Nestlé released its half-year results for 2024 on 25 July, emphasising the achievements of its income accelerator programme.
In its first 18 months, Nestlé’s programme has increased cocoa yields of participating farmers by almost a third (32%) largely through adopting pruning practices and other sustainable farming strategies.
Thinking beyond price
“With our programme, we made the conscious decision to think beyond price and focus on direct cash incentives,” says a spokesperson for Nestlé.
The company created its income accelerator programme based on its work with the Nestlé Cocoa Plan. The programme aims to help close cocoa-farming families' living income gap and reduce the risk of child labour and has so far supported more than 10,000 families in Côte d'Ivoire with plans to expand to Ghana later this year.
The plan focusses on encouraging cocoa-farming families to engage in positive practices in four areas: school enrollment, good agricultural practices, agroforestry activities, and diversified incomes.
How pruning boosts productivity
From a practical perspective, Nestlé is working with farmers to encourage regular pruning of diseased or degraded branches on cocoa trees. With a commercial lifespan of approximately 25 years, from the first year after planting, cocoa trees benefit from annual pruning which improves cocoa pod yields and helps limit crop disease and loss.
Shade and fruit tree planting has also formed part of Nestlé's agricultural strategy that is successfully impacting the resilience of cocoa crops.
“We believe that incentivising practices and behaviour change will create long-term resilience at the farm and household level,” says Nestlé’s spokesperson.
Alongside its efforts to further reward farmers and their families for practices that benefit the environment and local communities, Nestlé pays a premium to cocoa producers for the certified cocoa it buys.
Improving income and output
A recent report by the KIT Institute showed that its programme has helped cocoa farmers substantially improve their cocoa productivity and net income. Its findings show that overall, the net income of income accelerator communities rose by 38%, leading to a higher proportion of households achieving a living income, growing from 10% in 2022 to 20% in 2023.
“Cash incentives are decoupled from the amount of cocoa produced and are proportionally more advantageous to smallholder farmers,” says Nestlé’s spokesperson about the nuts and bolts of its programme.
In a new and unique aspect of its programme, money goes straight to the farmers and their spouses through mobile payments, enabling this money to be distributed between farmers and their spouses. “This recognises the crucial role women play within cocoa-farming families and helps improve gender equality,” says Nestlé’s spokesperson.
Along with its income accelerator programme, Nestlé also supports the Côte d’Ivoire-Ghana Cocoa Initiative (CIGCI), which aims to identify long-term solutions that help cocoa farmers achieve and sustain a living income.
Goals for 2025
Over the coming year, Nestlé wants to expand the reach and impact of its income accelerator programme. By 2030, the programme aims to reach 160,000 cocoa-farming families in Nestlé's cocoa supply chain.
“Our commitment is also reflected in our broader sustainability goals, such as achieving 100% cocoa sourced through the Nestlé Cocoa Plan by 2025,” says Nestlé's spokesperson. The company's Cocoa Plan includes mass balance and segregated Rainforest Alliance certified volumes and/ or verified mass balance Nestlé Cocoa Plan volumes.
Boosting its organic growth targets
As we reach the halfway point of 2024, alongside reporting the latest on its income accelerator programme, Nestlé has reported better-than-expected organic growth. The company’s organic growth has reached 2.1% despite sales of CHF 45 billion, down 2.7% compared to the first half of 2023.

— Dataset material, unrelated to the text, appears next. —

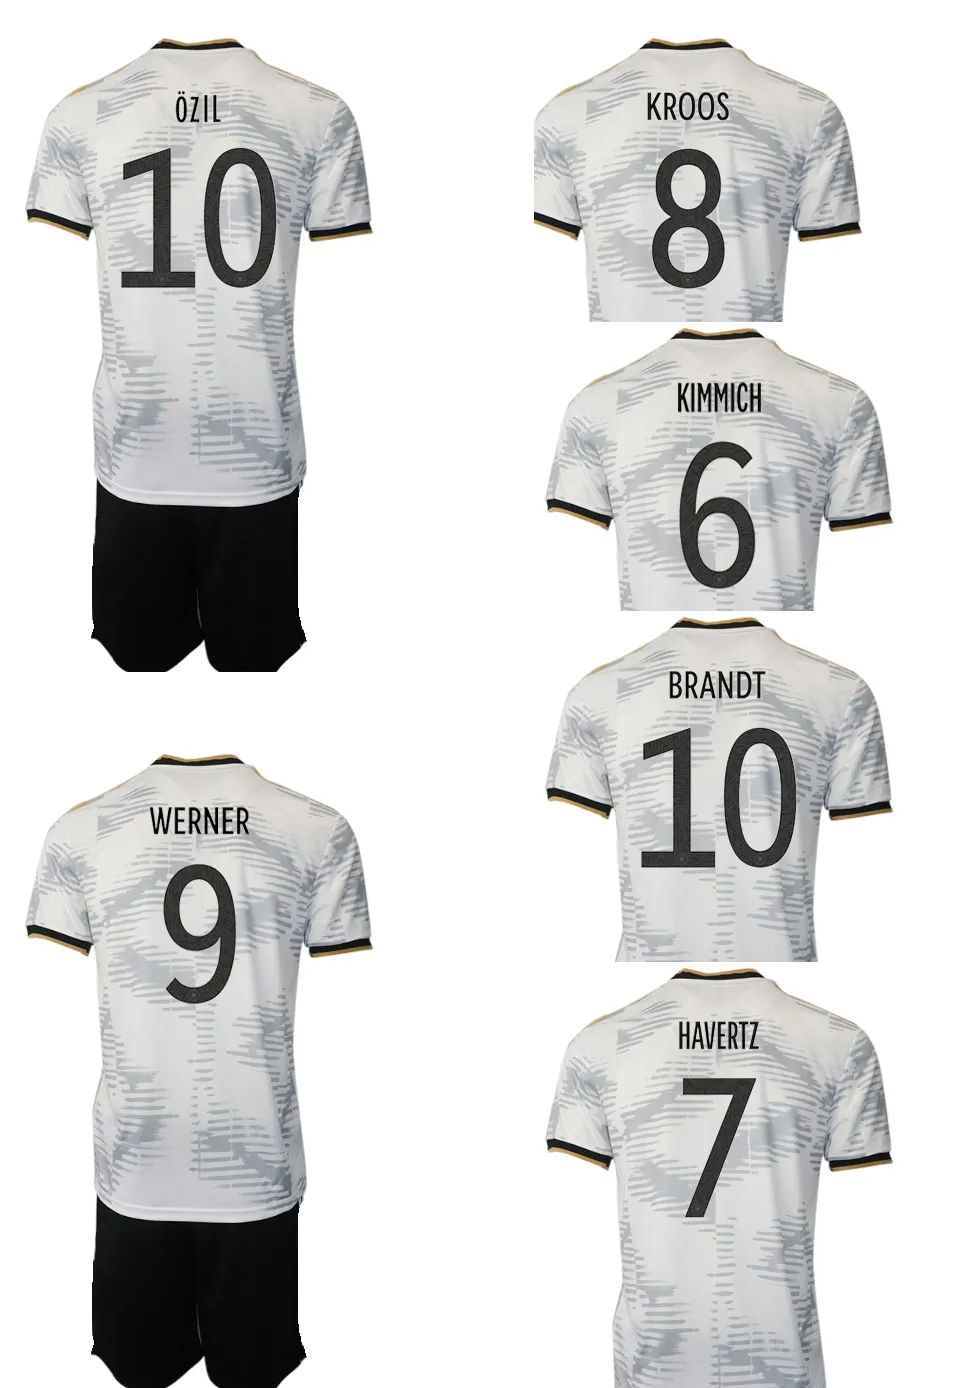 22-23 Jerseys de futebol personalizados sets com shorts yakuda botas locais lojas on-line dropshipp aceita 10 Brandt 9 werner 20 gnaery 5 tah 11 reus 8 kroos custom

Confectionery sales grew at a high single-digit rate, Nestlé reports, with KitKat as the leading global brand, driving this growth along with other local brands. In 2024, Nestlé released its first-ever KitKat bars made with cocoa grown by income accelerator farming families.
The company also states its growth is due to industry bounceback and the launch of innovations to address consumer trends and develop its large iconic brands. “Positive real internal growth is back,” says Mark Schneider, CEO of Nestlé.
Along with innovations and Nestlé Health Sciences' ongoing recovery, the chocolate giant has seen prices come down, bucking the ongoing reality of rising raw material costs. “We have seen pricing come down faster than expected,” Schneider says. Organic sales growth for 2024 is now expected to be at least 3%.